La Serena and Valle de Elqui: not quite serene, not quite the birthplace of pisco

There’s a lot of Catholics in South America. The 29 churches aloneĀ in the city of La Serena is somewhat of a testament to that fact.

I imagined La Serena would look, feel, and smell like a seaside town. It didn’t. I did actually think it would be pretty serene and, it wasn’t. But it had churches. Lots of them.

La Serena

There was a beach and, I imagine, it’s a really nice beach to visit in the summer. It went on for miles but, having spent almost 2 years in Oz and seen the empty beaches of Thailand, I’m pretty spoiled when it comes to beaches.

La Serena

We didn’t stay in La Serena. The main attraction seemed to be elsewhere, anyway. So we headed for Valle de Elqui, also known as “Pisco Elqui.” A pair of 2-hour bus rides later, we found ourselves in a small town situated in a valley between the Andes, surrounded by pisco vines and mountains of quartz in every direction.

The farmers here are also very tactical in how they’ve set up the vineyards. The largest reservoir in the region, embalse puclaro – an artificial lake where windsurfing and kitesurfing is very common – can bring damaging winds to the nearby valley. Trees are lined up as hedges, along with protective nets that break strong gusts of wind.

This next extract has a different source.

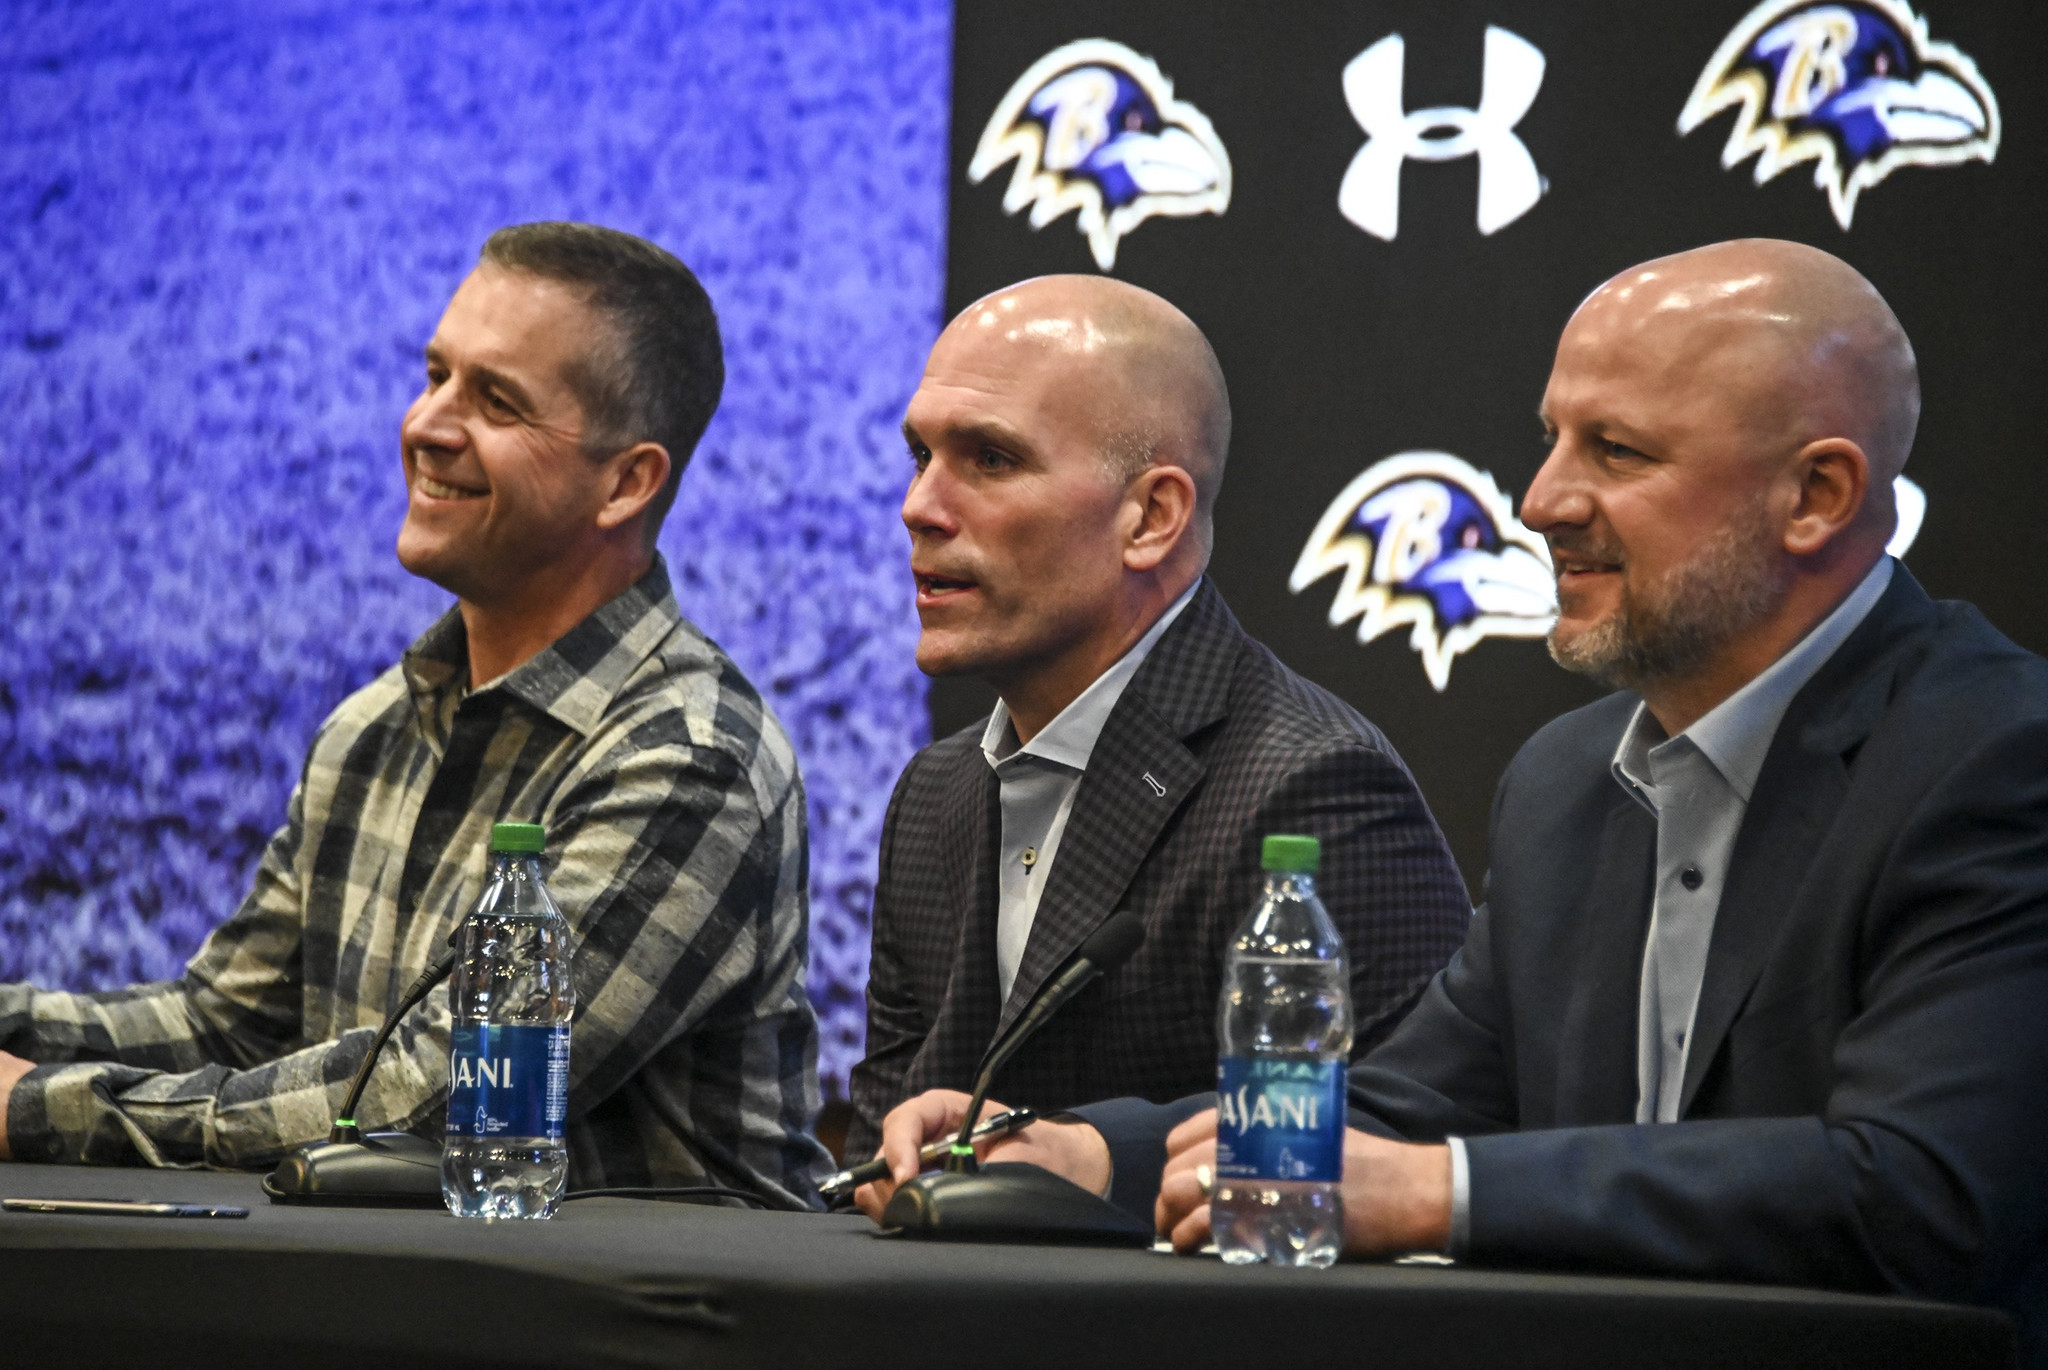 Ravens 2022 Draft: Overwhelming A+ grades for Day 1 picks

Pisco Elqui is also known for having “the clearest skies in the world.” South America’s biggest space observatories are within relatively short driving distance from the valley and it’s worthwhile to visit one like Mamalluca Observatory to check it out.

Cerro Mayu in Moonlight

Just remember that it’s a sleepy town. So don’t be surprised if you find yourself spending an afternoon eating Argentinian asado and drinking cheap beer in a homey secluded little place like Sabor a Color.